- The paper presents a preclinical benchmark comparing four deep learning-based monocular video 3D human pose estimators with IMU-derived joint angles.
- The study employs the VIDIMU dataset with 54 subjects performing 13 daily activities to evaluate metrics like RMSE, MAE, correlation, and R².
- Results highlight MotionAGFormer’s superior accuracy while emphasizing trade-offs in inference speed and transparency for real-world deployment.
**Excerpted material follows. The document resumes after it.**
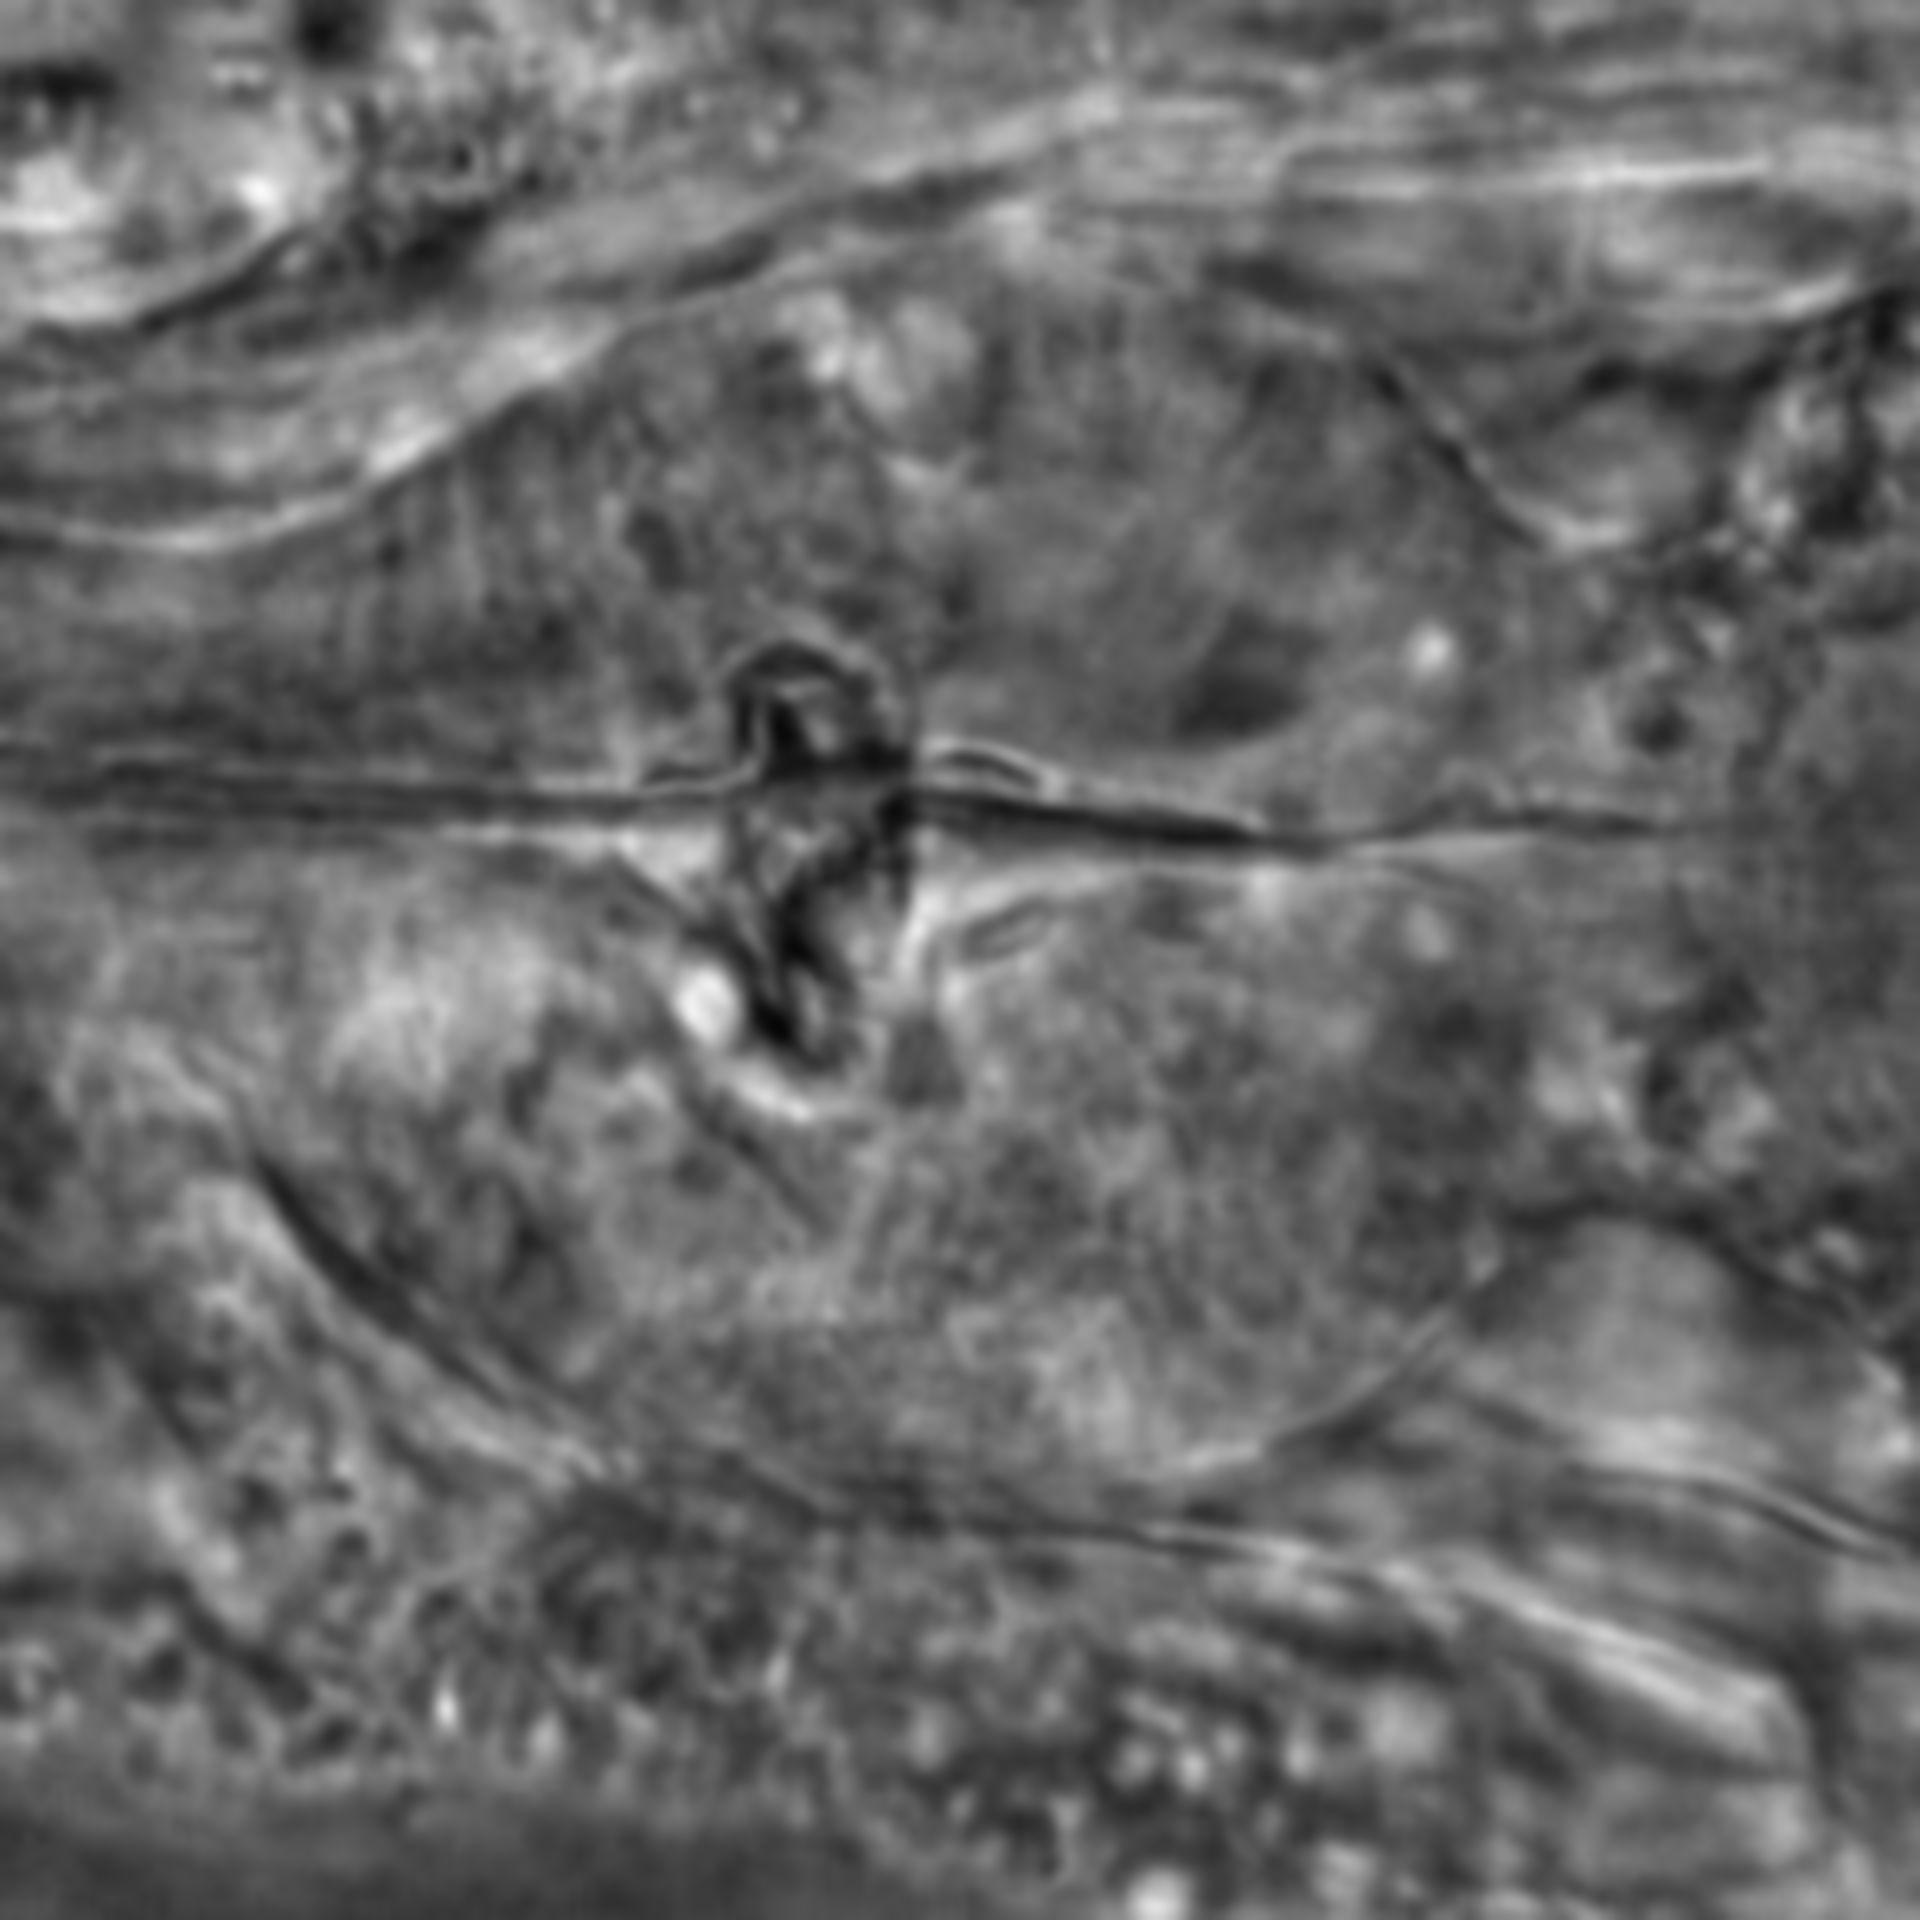 Caenorhabditis elegans - CIL:1775

Benchmarking Monocular Video-Based 3D Human Pose Estimation Against IMUs for Kinematic Assessment
Introduction
This paper presents a rigorous preclinical benchmark of state-of-the-art monocular video-based 3D human pose estimation (HPE) models against inertial measurement unit (IMU)-derived joint angles for daily living activities. The motivation is rooted in the need for accessible, cost-effective, and accurate kinematic assessment tools for telemedicine, rehabilitation, and sports science, particularly outside controlled laboratory environments. The benchmark leverages the VIDIMU dataset, which provides synchronized video and IMU recordings of healthy adults performing a diverse set of clinically relevant activities. The evaluation focuses on joint angle estimation accuracy, using IMU-based OpenSim inverse kinematics as the reference, and provides actionable insights for deployment in real-world, out-of-the-lab scenarios.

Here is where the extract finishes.